Extreme heat and cause-specific risk of hospital admission in the adult population in England: a case time series analysis

Scritto il 23/06/2026
da Gillian Flower

BMJ Open. 2026 Jun 23;16(6):e105321. doi: 10.1136/bmjopen-2025-105321.

ABSTRACT

OBJECTIVES: This study investigated the impact of heat on the risk of hospital admission due to a range of health conditions in England.

DESIGN: We used records of over 4 million hospital admissions in the summer months between 2008 and 2019, to construct daily time series of admissions in 32 837 census areas. Coupled with high-resolution environmental data, we conducted a case time-series analysis using distributed-lag non-linear models to measure the lagged relationship between summertime temperature and risk of admission for a broad set of health conditions. We derived the relative risks of admission at the 99th compared with the 50th temperature percentile to understand the effect of extreme heat in each locality.

SETTING: The adult population of England (aged 18 years and older).

OUTCOME MEASURES: Unplanned National Health Service (NHS) in-patient hospital admissions for cardiovascular, respiratory, genitourinary, metabolic and infectious diseases, along with their subcategories.

RESULTS: These conditions contributed more than 3.7 million admissions, of which over 1.5 million (42%) were for those aged 75 years and over. More than 80% of admissions were for respiratory, cardiovascular or genitourinary illness, which collectively contributed 3.1 million hospital admissions. There was clear evidence of an increased risk of hospital admission for many conditions, including acute renal failure (1.37, 95% CI 1.32 to 1.42), metabolic disorders (1.28, 95% CI 1.24 to 1.32), infectious and parasitic diseases (1.06, 95% CI 1.04 to 1.08), pneumonia (1.07, 95% CI 1.05 to 1.09) and chronic obstructive pulmonary disease (1.08, 95% CI 1.05 to 1.10).

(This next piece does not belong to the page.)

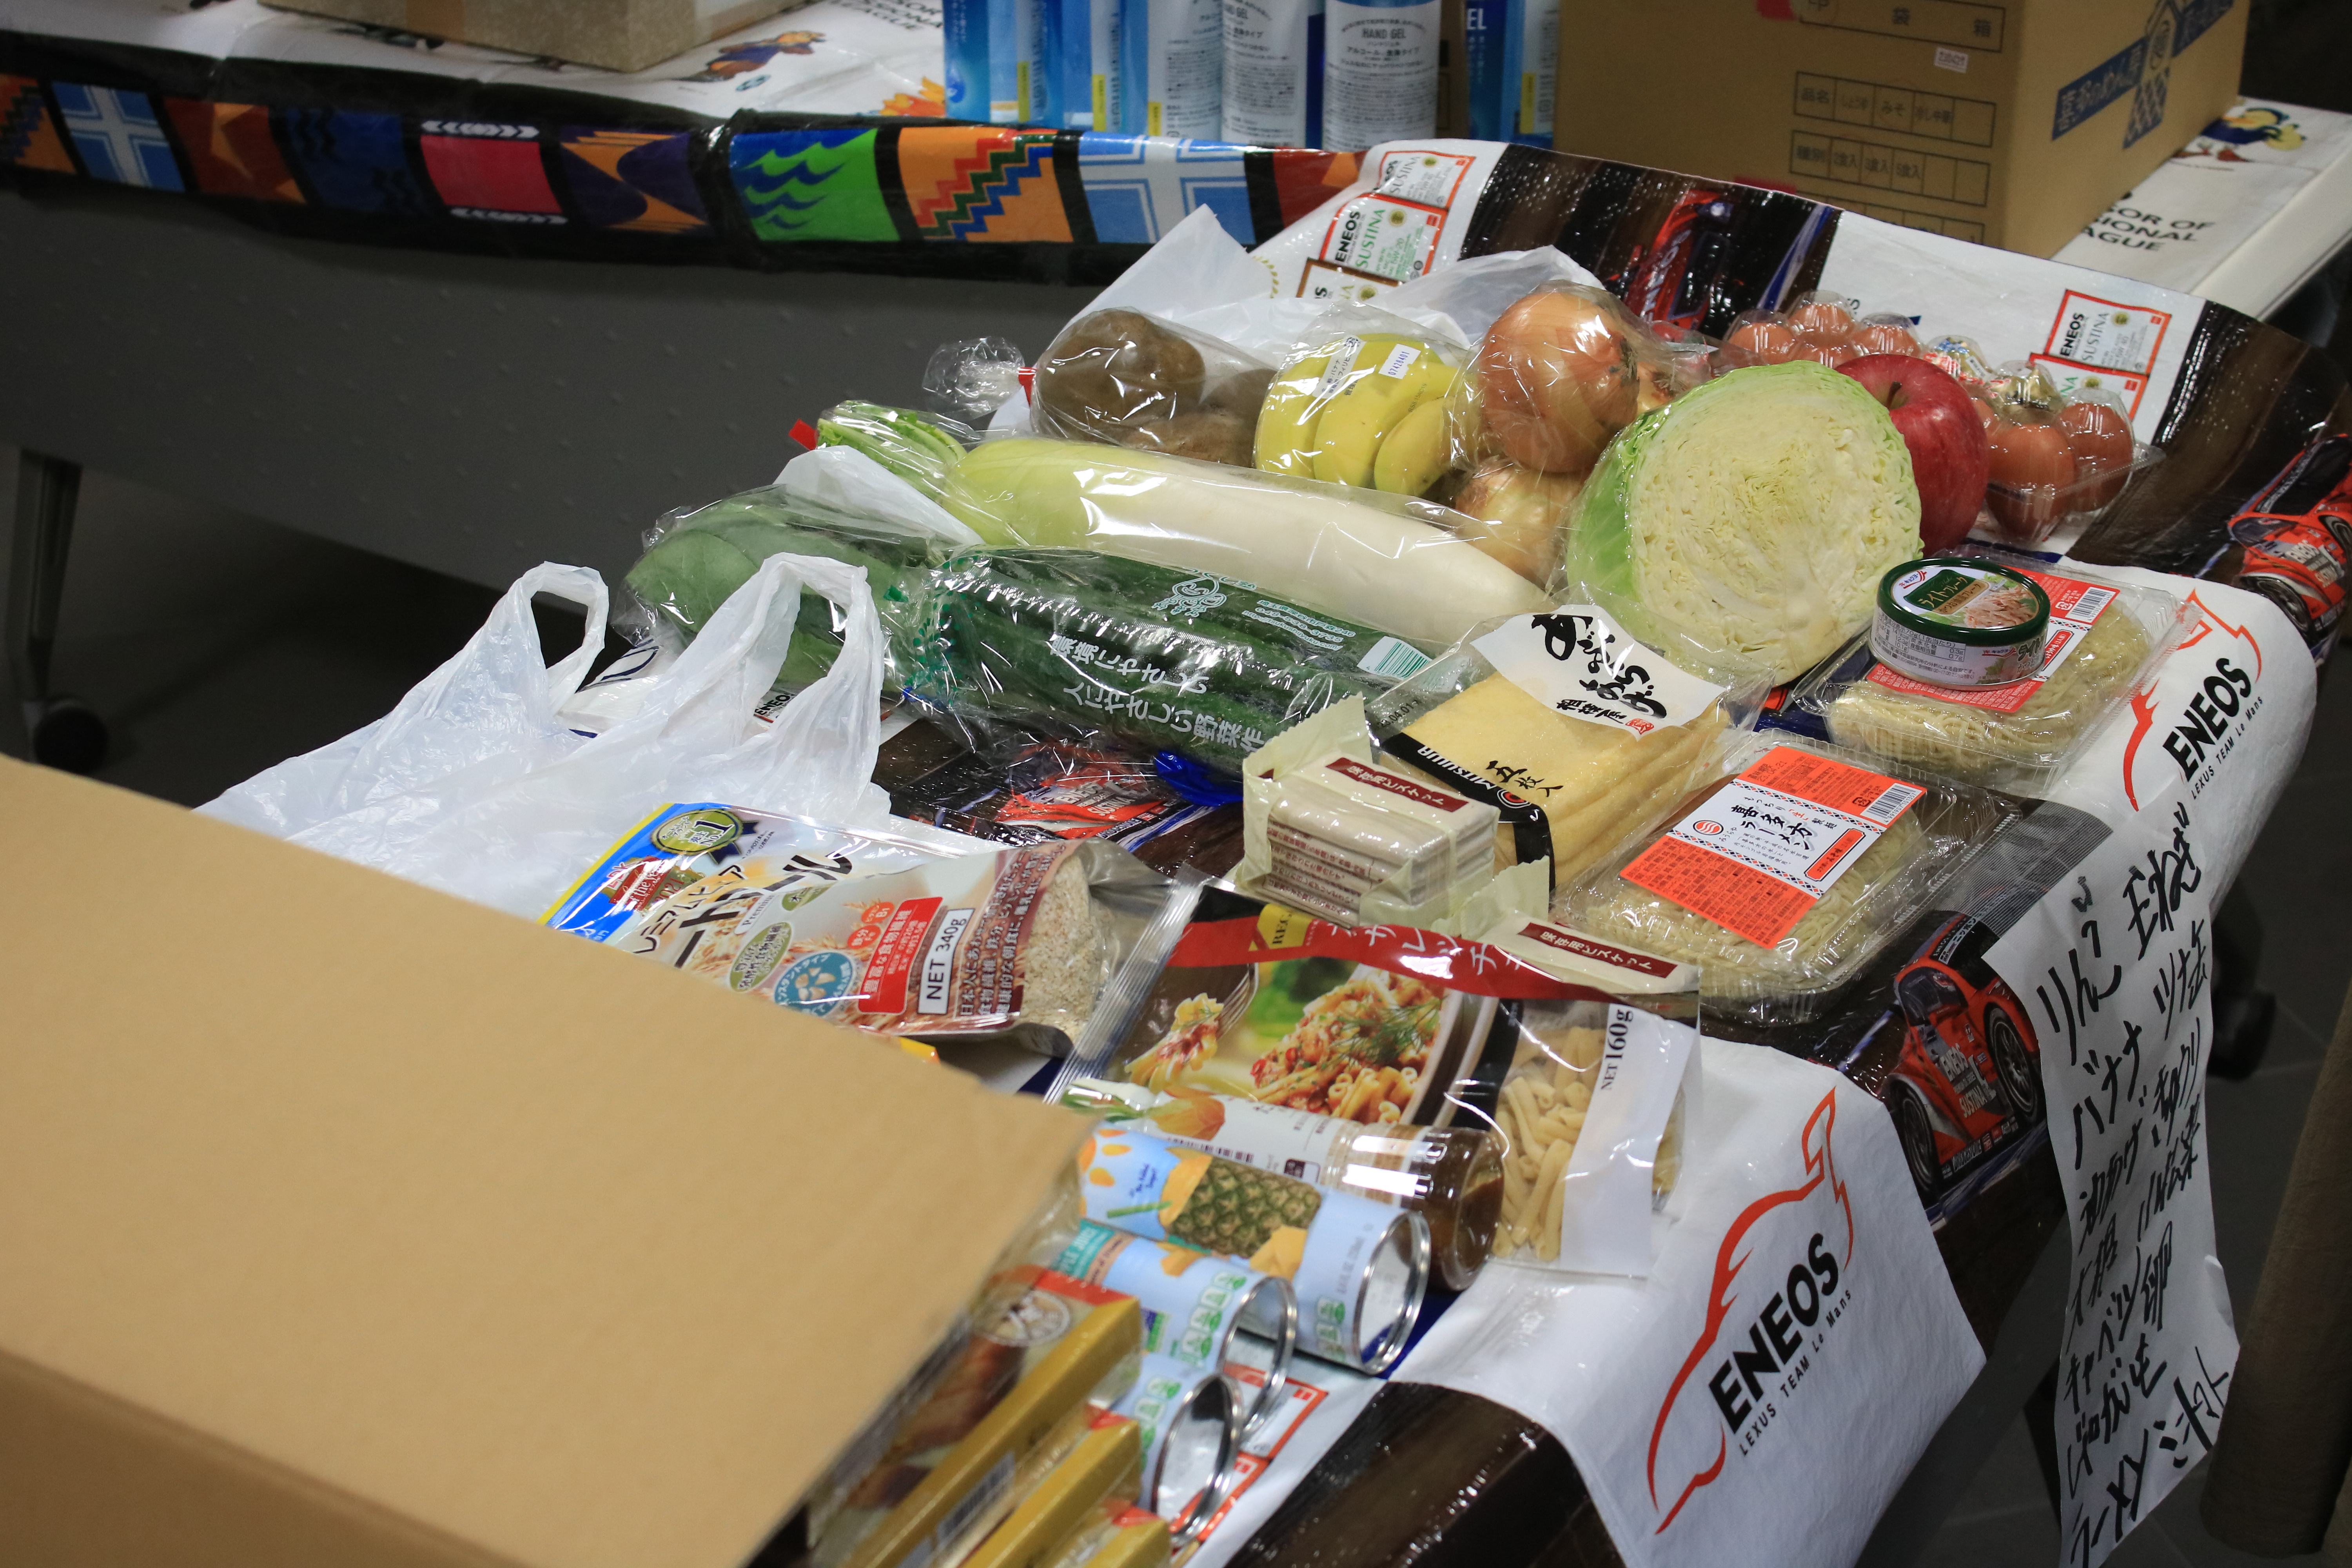 一般社団法人みなと繋がるネットワークや後援による生活困窮者のための食料・物資の配布会場の写真

The evidence was less clear for asthma and diabetes, while there were negative associations for many cardiovascular conditions. There was a clear age gradient in heat-related admissions, with older people facing the greatest risk of admission.

CONCLUSIONS: These findings highlight the widespread effect of extreme heat across a range of health conditions, in addition to mortality, and have implications for public health planning in our changing climate.